Nicole Beckett, founder of Agogo Threads in Colorado, has advice for pinup rookies: "Wear traditionally conservative pieces like a pencil skirt and calendar girl sweater, but wear them a size too small. ... It's not risque and not dowdy all at the same time. Black plastic frame glasses a plus!"

"Fishnet stockings are always good, flowers in your hair, and cat-eye eye liner" help make the pinup look, says Cody Brown, a pinup enthusiast who lives in Baltimore. "For shoes, you want to go for thick heels instead of spike, which are a little more trashy. You're going for class and elegance."

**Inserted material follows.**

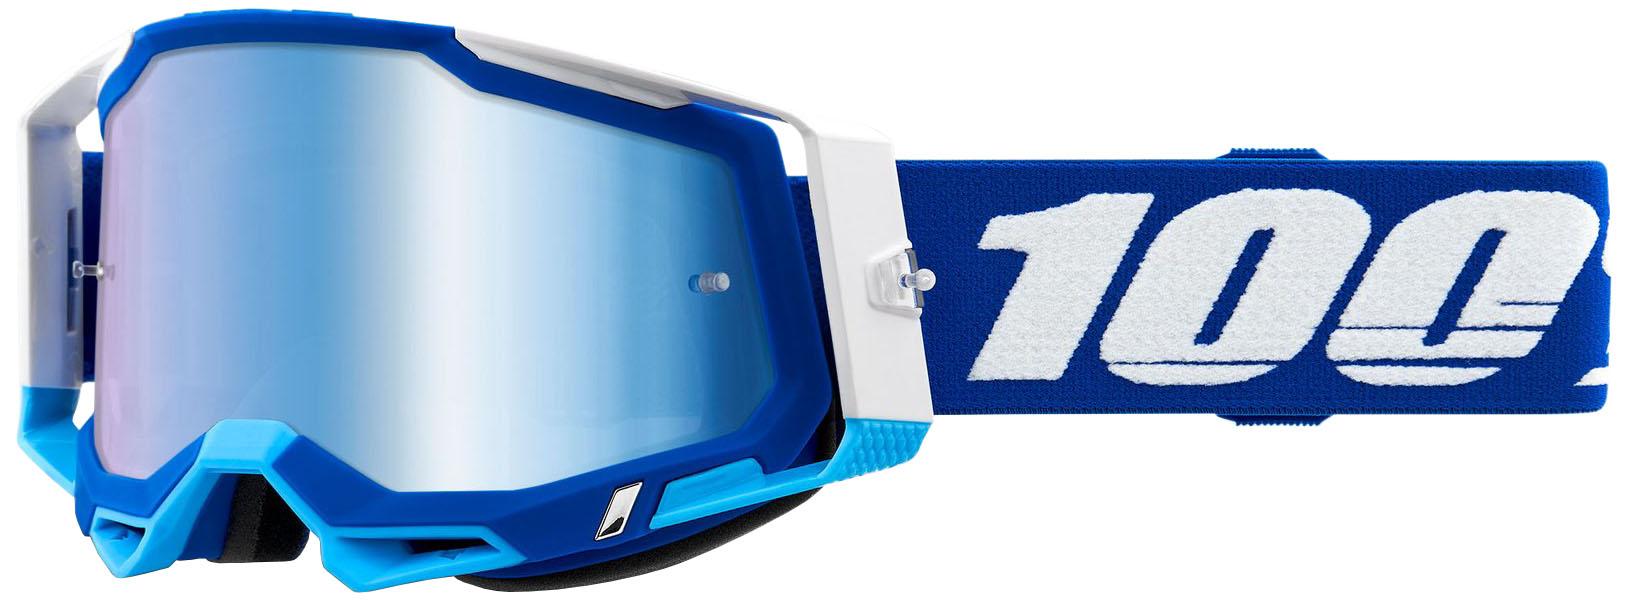 100% Racecraft 2 Mtb Goggles - Blue

Above all, pinup is a state of mind, says Vivian Needum of Forever Alice, a vintage clothing store in Waverly. "The spirit is awakened from inside of a person" when she dons glamorous threads, she says. "It's that look of Marilyn Monroe, and it will never go away."

Where to find the look

* Atomic Magazine, "the essential guide to the retro revival," has an exhaustive online directory of stores specializing in vintage clothing and other products. Visit www.atomicmag.com.

* Author Daniela Turudich has written numerous books on how to achieve that pinup gloss, including 1940s Hairstyles, (Streamline, 2001, $15.75) and 1950s Hair: Hairstyles from the Atomic Age of Cool (Streamline, April 2004, $15.95.) With Angela Bjork, she has also written Vintage Face: Period Looks from the 20s, 30s, 40s, & 50s (Streamline, 2001, $12.95).

* Baltimore itself is a fount of pinup possibilities. Comb the thrift shops, vintage boutiques and hip clothing and gift shops around the city, and assemble a bombshell look that can be as provocative or as prim as you choose.